RECORDED DATA:
========================================================================

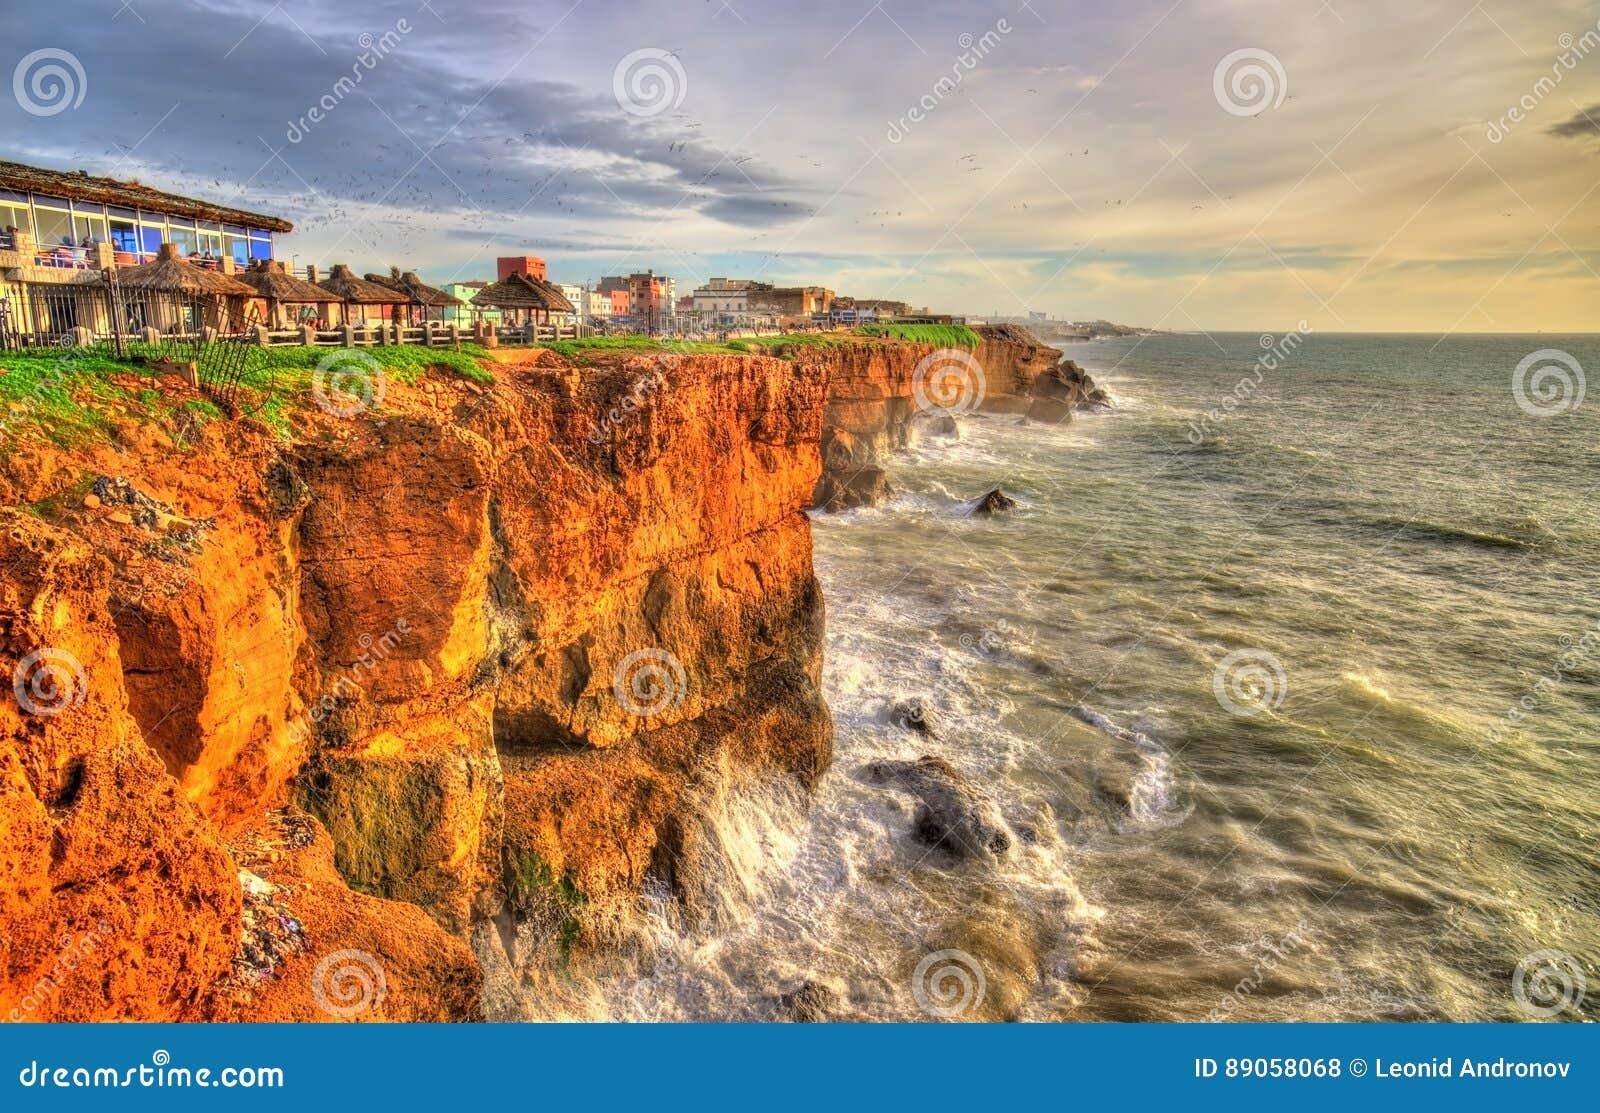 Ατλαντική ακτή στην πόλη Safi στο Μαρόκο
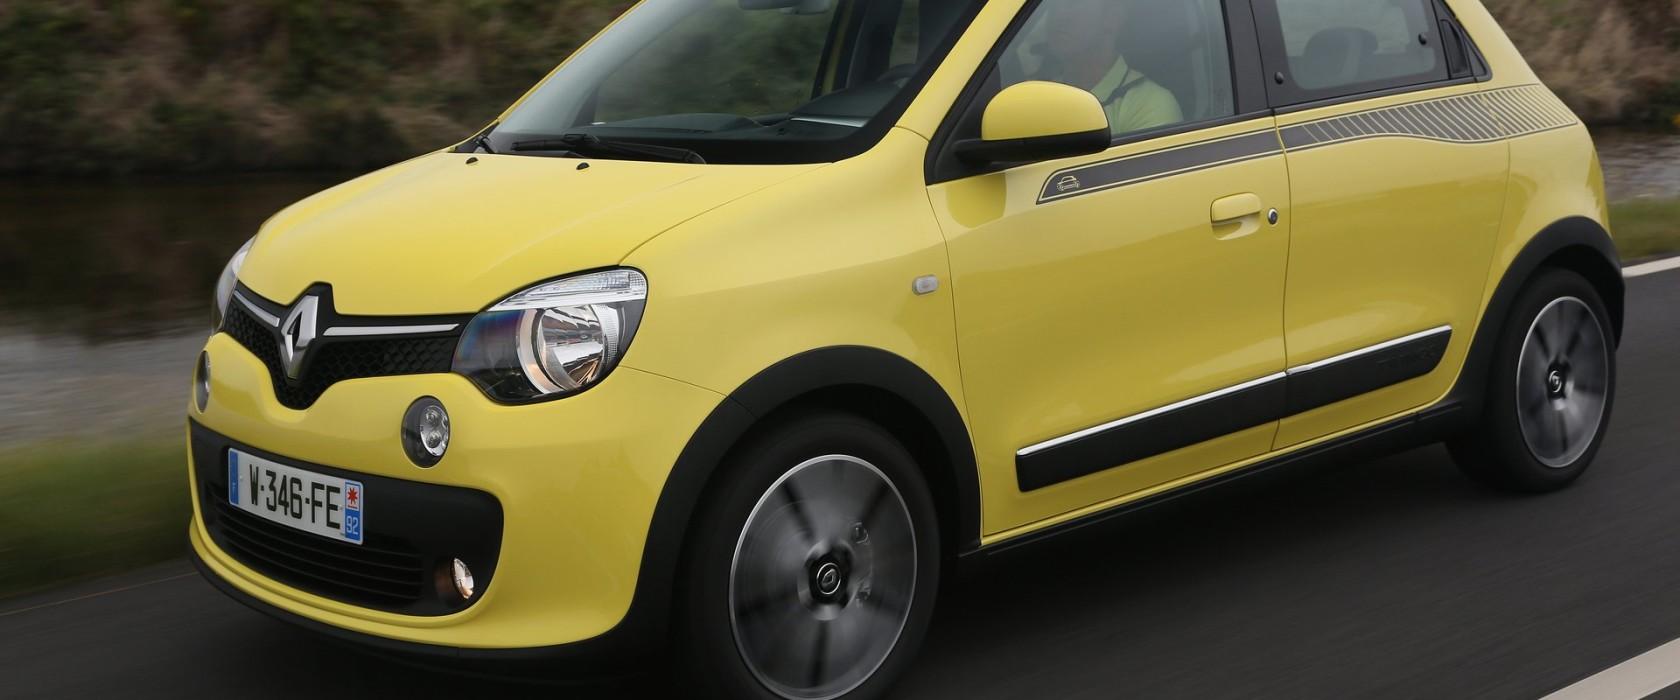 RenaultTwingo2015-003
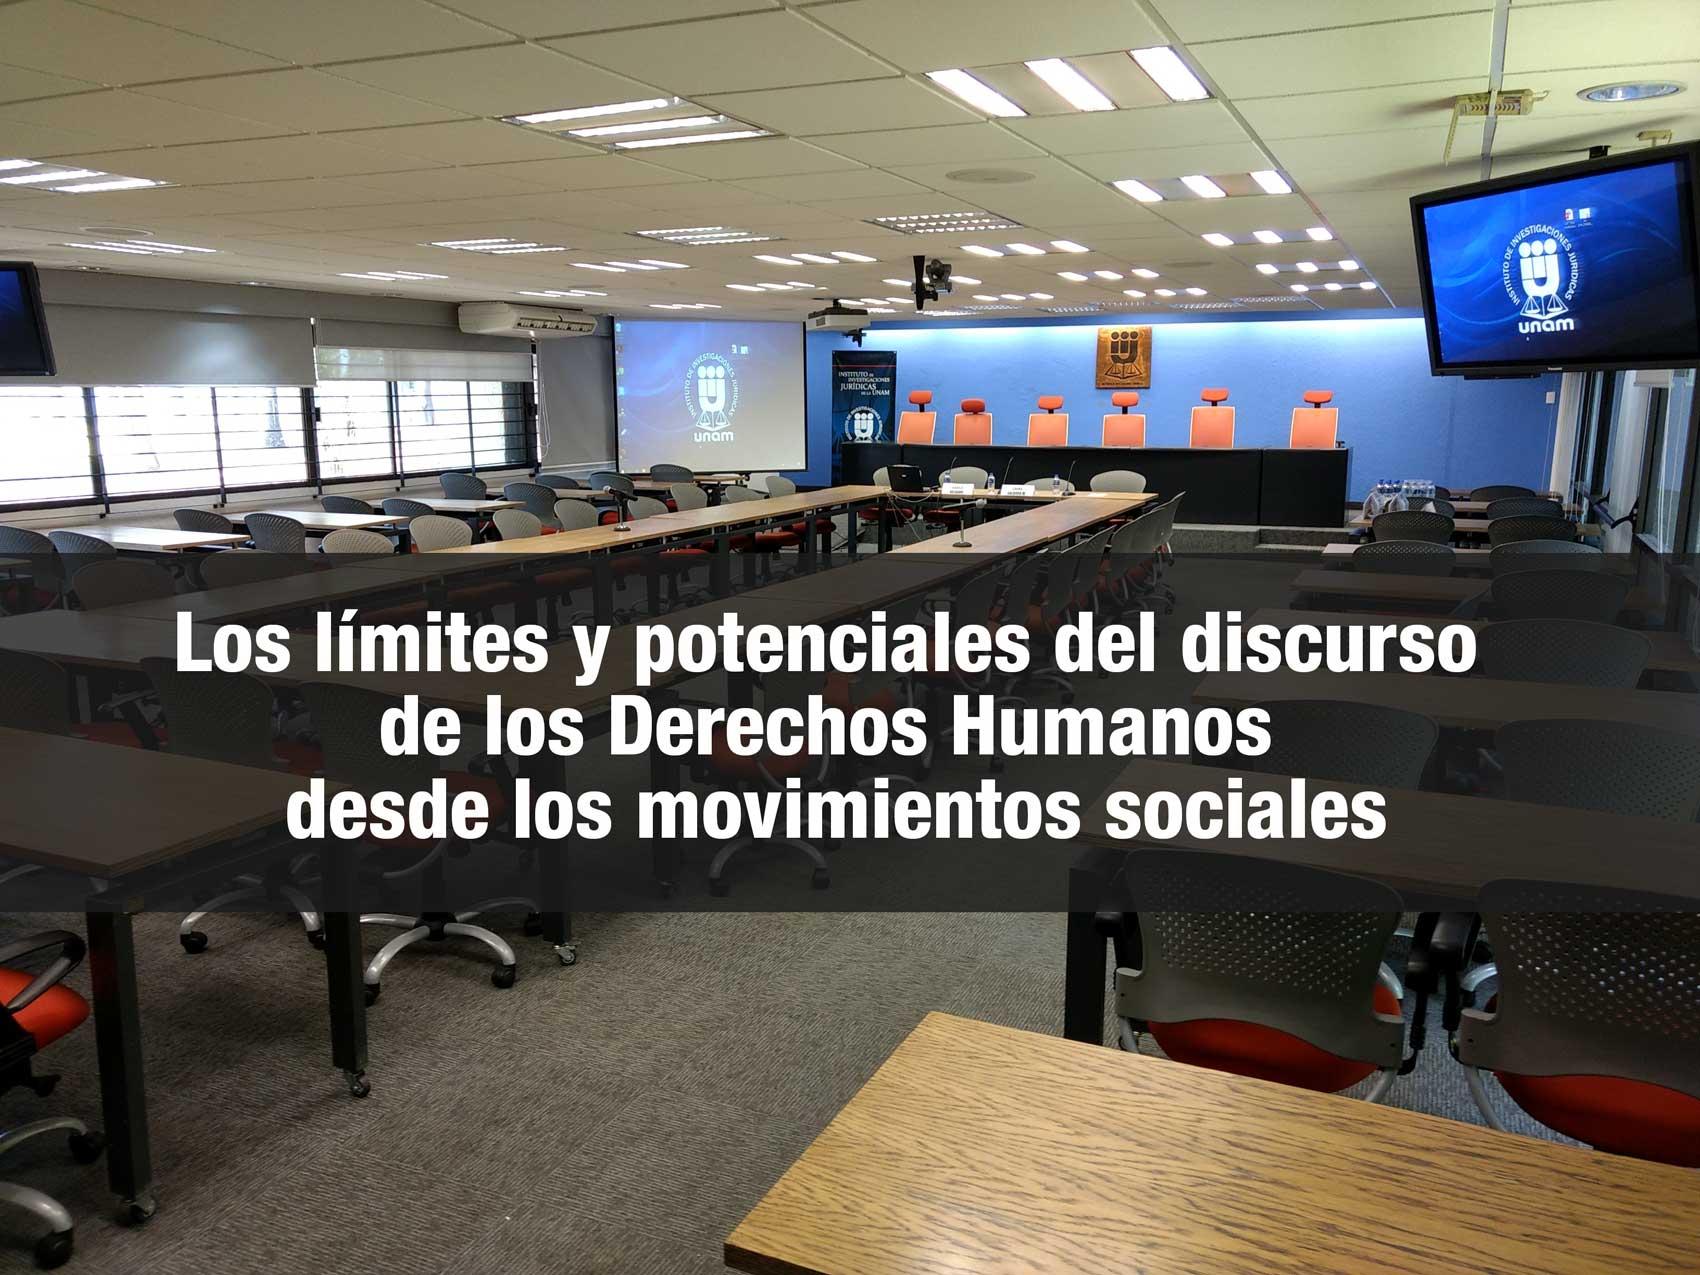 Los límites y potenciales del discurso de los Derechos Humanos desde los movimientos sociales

========================================================================

ACTIVITY: The answer should contain only the lines from the one with "RenaultTwingo2015-003" through the last line of the material, given word for word and without pictures.

SOLUTION:
 RenaultTwingo2015-003
 Los límites y potenciales del discurso de los Derechos Humanos desde los movimientos sociales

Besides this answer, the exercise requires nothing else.